The first wall is about 100 m high. Climb it straight ahead, or slightly to the right, following the obvious cleft (easy grade I), traverse right at the level for about 30 m and then bite into the second wall. This direction is also more to the right, and can be guided by the belly rock around which the route passes. Continue along the gully, where, higher up on a pine tree root, you will come across an anchorage for the descent on your return. From the root, climb slightly left and in a pleasant scramble (grade II) reach the crest of the headland. Follow the ridge to the left to reach the descent anchorage. From there, descend into a fallen gully for about 15 m. The last barrier, which is a detail of the tour, climbs steeply ahead. 20 metres of the gully have to be climbed before we can be clamped on a comfortable shelf in the anchorage. The hardest part can be bypassed on the right. On a very exposed ledge and around the edge on sloping slabs to the summit scramble (level II). But since we are now standing on a ledge, we have another wall ahead of us, which we climb diagonally to the right to a huge boulder where there is an anchorage for the descent. Now we have two options: the first is to go right around the edge and over the rock step to the summit scramble. The second option is for the brave: from the rock where you are standing, there is a distinct rockfall/rock towards the top. It is completely undercut in the left flank, so you have to climb right at once. The exposure is magnificent, the rock is crumbly. The cleft runs right to the top of the scrotum.

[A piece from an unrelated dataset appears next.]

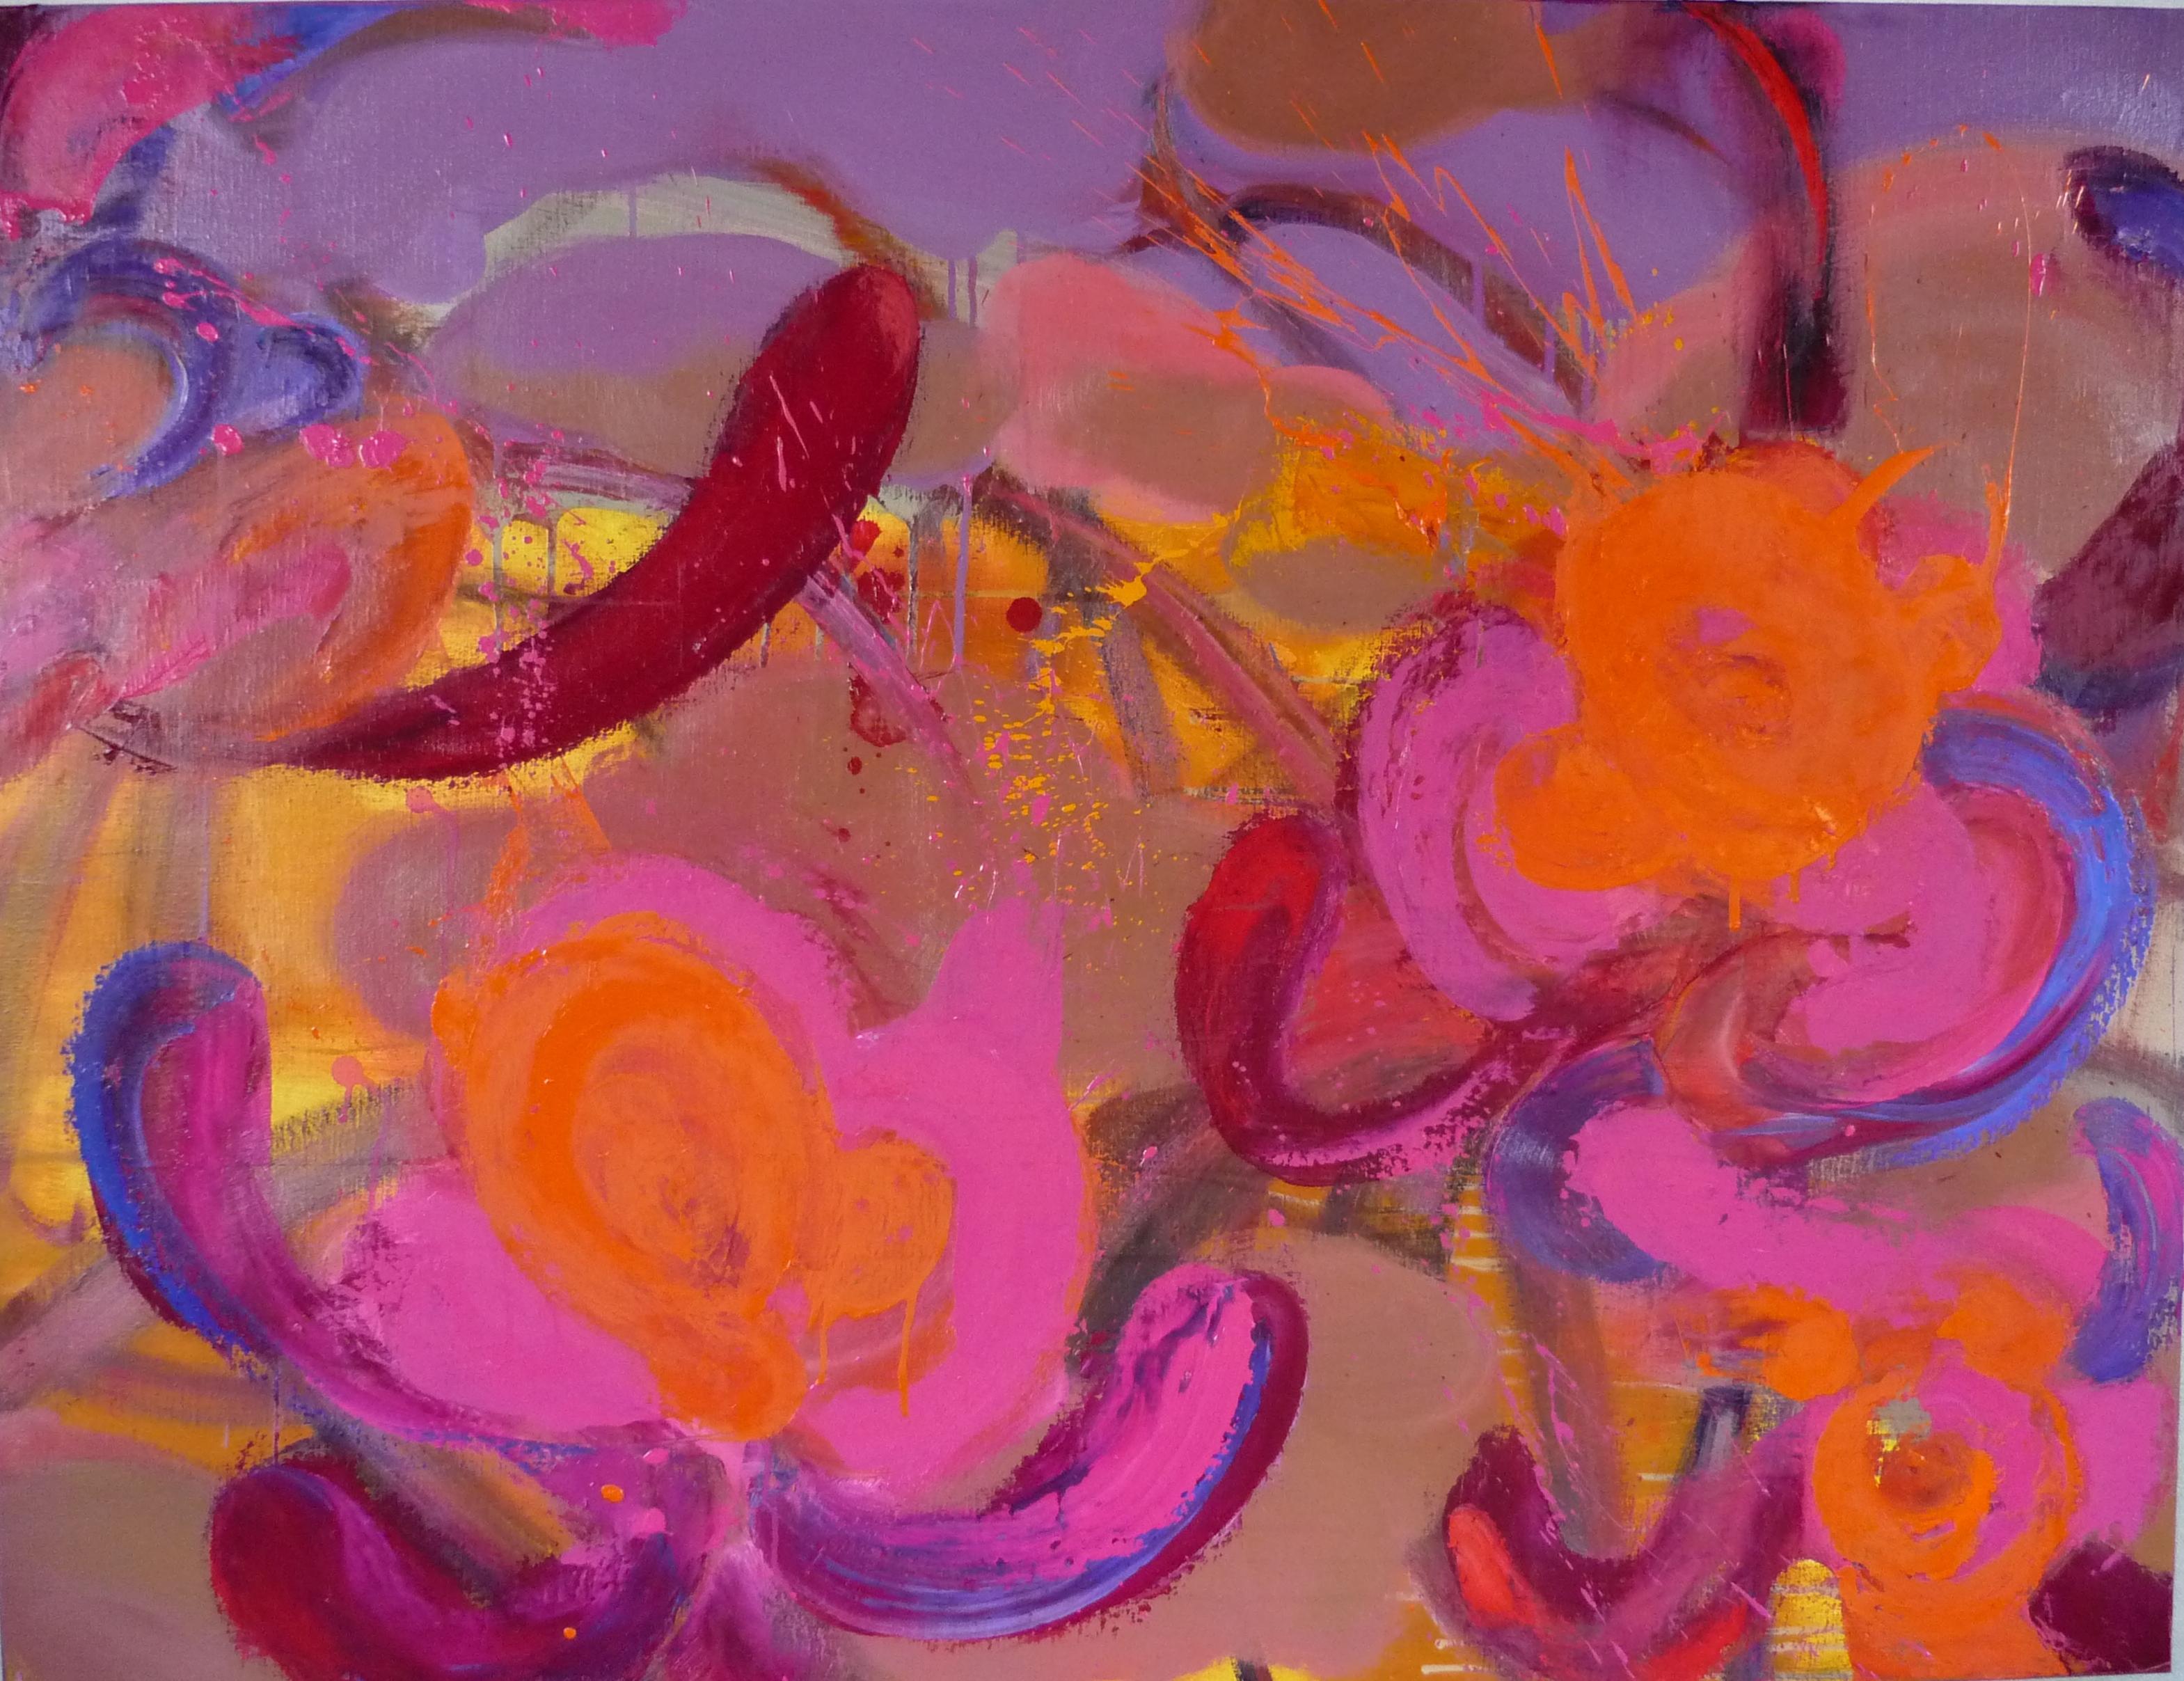 Bonnet d'Evêque (Spindle) - flower painting, bright colors, orange, pink and red

We are standing on the Rigljica buttress, to get to the top, where there is a registration box, we have to descend to the collapsed crack, which we climb on the right. The main difficulties are over, there is still a stretch of scrotum to the top. Rigljica is considered by many to be the most difficult climb yet described in mountaineering and mountaineering guidebooks. Due to the jam, the detail reaches a good three. The detail is "packed". The world is opaque and orientation is difficult. The return route is along the route of ascent. The anchorages for the descent have been cleared and the auxiliary ropes replaced. The route is a UIAA level III/II mountaineering ascent. It is compulsory to be accompanied by an experienced mountaineer, preferably an alpinist.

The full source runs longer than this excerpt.